WORK TO COMPLETE:
Read the records below and report each line in which "Stock" occurs.

[[ DATASET ENTRIES open ]]

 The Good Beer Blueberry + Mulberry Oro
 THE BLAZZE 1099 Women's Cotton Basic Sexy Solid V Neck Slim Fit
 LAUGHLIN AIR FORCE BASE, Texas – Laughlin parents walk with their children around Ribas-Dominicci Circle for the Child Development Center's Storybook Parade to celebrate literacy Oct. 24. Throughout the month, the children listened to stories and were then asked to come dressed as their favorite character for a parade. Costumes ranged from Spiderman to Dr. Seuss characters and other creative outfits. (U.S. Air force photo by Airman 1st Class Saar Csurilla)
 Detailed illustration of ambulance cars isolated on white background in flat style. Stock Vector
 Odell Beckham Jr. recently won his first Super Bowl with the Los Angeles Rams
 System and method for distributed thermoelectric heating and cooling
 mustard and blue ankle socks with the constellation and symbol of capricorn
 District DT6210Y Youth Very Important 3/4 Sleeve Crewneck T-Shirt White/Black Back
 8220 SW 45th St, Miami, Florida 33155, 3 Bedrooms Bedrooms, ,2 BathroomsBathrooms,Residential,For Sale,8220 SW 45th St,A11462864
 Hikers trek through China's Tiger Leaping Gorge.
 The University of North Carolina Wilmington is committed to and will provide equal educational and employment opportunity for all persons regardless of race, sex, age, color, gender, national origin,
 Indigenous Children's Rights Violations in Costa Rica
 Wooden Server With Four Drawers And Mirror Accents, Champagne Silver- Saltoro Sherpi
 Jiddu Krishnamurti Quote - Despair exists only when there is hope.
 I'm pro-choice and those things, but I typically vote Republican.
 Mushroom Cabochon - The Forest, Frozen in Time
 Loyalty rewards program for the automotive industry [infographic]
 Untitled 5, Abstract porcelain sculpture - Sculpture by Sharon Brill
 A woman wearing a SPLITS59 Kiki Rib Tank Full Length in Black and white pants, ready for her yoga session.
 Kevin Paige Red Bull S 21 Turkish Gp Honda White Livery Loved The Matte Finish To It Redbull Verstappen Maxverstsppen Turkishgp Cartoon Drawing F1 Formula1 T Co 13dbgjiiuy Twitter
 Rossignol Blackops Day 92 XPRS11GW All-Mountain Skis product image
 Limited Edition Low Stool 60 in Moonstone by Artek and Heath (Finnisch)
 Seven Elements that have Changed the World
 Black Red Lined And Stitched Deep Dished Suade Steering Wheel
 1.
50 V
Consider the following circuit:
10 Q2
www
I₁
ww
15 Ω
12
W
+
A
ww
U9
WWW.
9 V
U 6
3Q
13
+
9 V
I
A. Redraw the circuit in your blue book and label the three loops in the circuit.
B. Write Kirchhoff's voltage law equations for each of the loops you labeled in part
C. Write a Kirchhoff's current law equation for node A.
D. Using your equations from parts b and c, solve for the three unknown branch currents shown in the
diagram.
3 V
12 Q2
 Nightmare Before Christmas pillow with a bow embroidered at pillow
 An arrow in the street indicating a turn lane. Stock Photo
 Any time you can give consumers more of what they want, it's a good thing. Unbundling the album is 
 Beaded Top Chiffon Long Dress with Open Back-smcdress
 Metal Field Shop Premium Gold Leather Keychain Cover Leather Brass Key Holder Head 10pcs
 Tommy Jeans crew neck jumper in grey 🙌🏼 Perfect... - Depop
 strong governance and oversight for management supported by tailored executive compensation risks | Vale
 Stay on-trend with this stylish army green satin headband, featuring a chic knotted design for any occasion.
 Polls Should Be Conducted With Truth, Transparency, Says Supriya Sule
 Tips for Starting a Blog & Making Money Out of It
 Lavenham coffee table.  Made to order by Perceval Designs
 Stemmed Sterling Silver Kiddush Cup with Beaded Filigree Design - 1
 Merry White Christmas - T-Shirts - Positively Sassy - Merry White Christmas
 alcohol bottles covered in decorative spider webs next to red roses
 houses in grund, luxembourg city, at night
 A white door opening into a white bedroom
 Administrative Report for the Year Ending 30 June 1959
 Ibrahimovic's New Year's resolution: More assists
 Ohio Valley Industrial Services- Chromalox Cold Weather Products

[[ DATASET ENTRIES closed ]]

WRITTEN SOLUTION:
 Detailed illustration of ambulance cars isolated on white background in flat style. Stock Vector
 An arrow in the street indicating a turn lane. Stock Photo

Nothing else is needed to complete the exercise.